Python | Pandas | Matplotlib | Seaborn

Analyzed 17,880 job listings to find what separates fake posts from real ones — and built a simple Trust Score system to flag suspicious listings before they reach job seekers.

The Short Version

866 out of 17,880 job postings in this dataset are fake. That is 4.8% — and at the scale of a real job platform serving millions of listings, that means hundreds of thousands of fake posts reaching real job seekers every year.

The problem is not identifying that fake posts exist. The problem is catching them before they go live — fast enough to scale, without slowing down legitimate employers.

This analysis finds the five signals that consistently separate fake posts from real ones, and turns them into a scoring system any platform can implement without machine learning.

The Core Finding

A post with no company logo, no company profile, a short description, and suspicious keywords has a 66.7% chance of being fake — up from a 4.8% baseline.

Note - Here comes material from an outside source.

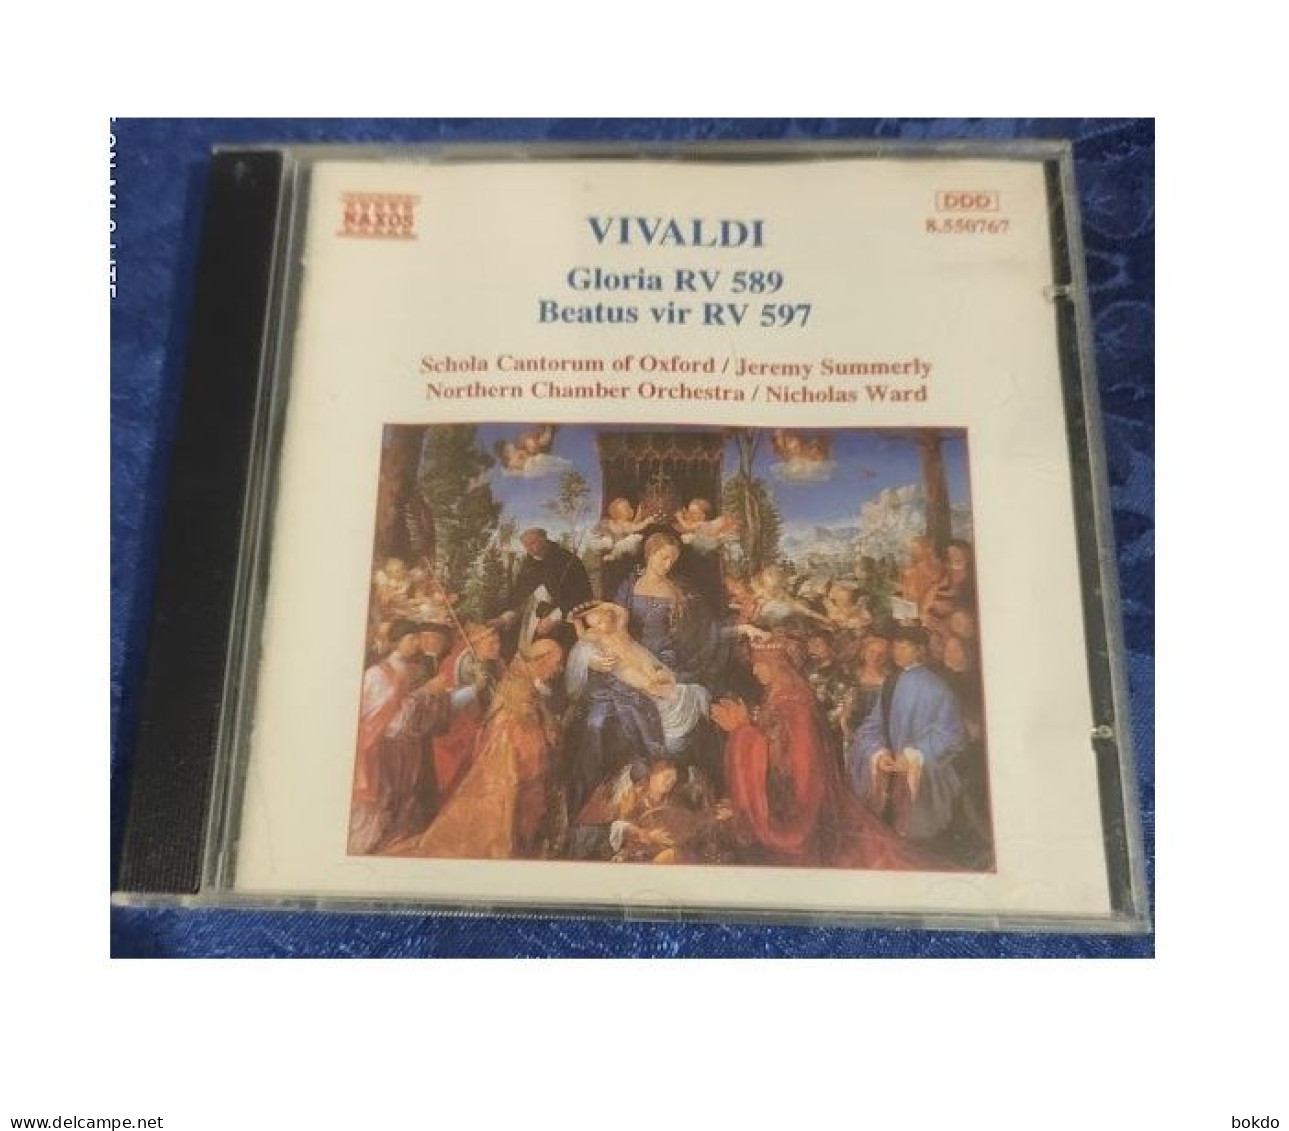 VIVALDI - Gloria RV 589 - Beatus RV 597 - Klassiekers

That jump is achieved using four simple checks. No model training. No complex infrastructure. Just pattern-based rules derived directly from the data.

How Fraud Rate Climbs as Red Flags Stack

This is the most important finding in the entire analysis.

Red Flag Combination	Fraud Rate
All jobs (baseline)	4.8%
No company logo	15.9%
No logo + no profile	21.8%
+ Short description	26.7%
+ Suspicious keywords	66.7%

Individual signals are useful. Combined, they become a reliable detection system.

What the Data Shows

Missing company info is the strongest single signal

Real companies show who they are. Scammers hide. Fake posts almost never include a company logo or profile — and that pattern holds consistently across the entire dataset.

Fake descriptions are short and vague

Real job posts are detailed. Scammers do not bother writing thorough role descriptions. Real company profiles average ~96 words. Fake ones average ~32 words.

Short profile + vague language = significantly higher fraud risk.

Suspicious keywords appear 3x more in fake posts

Words like "easy money," "fast cash," "urgent," and "work from home" appear in ~12% of fake posts vs ~4% of real ones. One keyword alone is not enough. Two or more together is a strong signal.

Missing fields compound the risk

A single missing field is normal — not every employer fills everything in. But four or more missing fields is a pattern. The fraud rate drops sharply as post completeness goes up.

Salary presence is not a safety signal

This one is counterintuitive. Posts that include salary details actually have a slightly higher fraud rate. Some scammers add fake salary ranges to look more convincing. Salary presence alone tells you nothing.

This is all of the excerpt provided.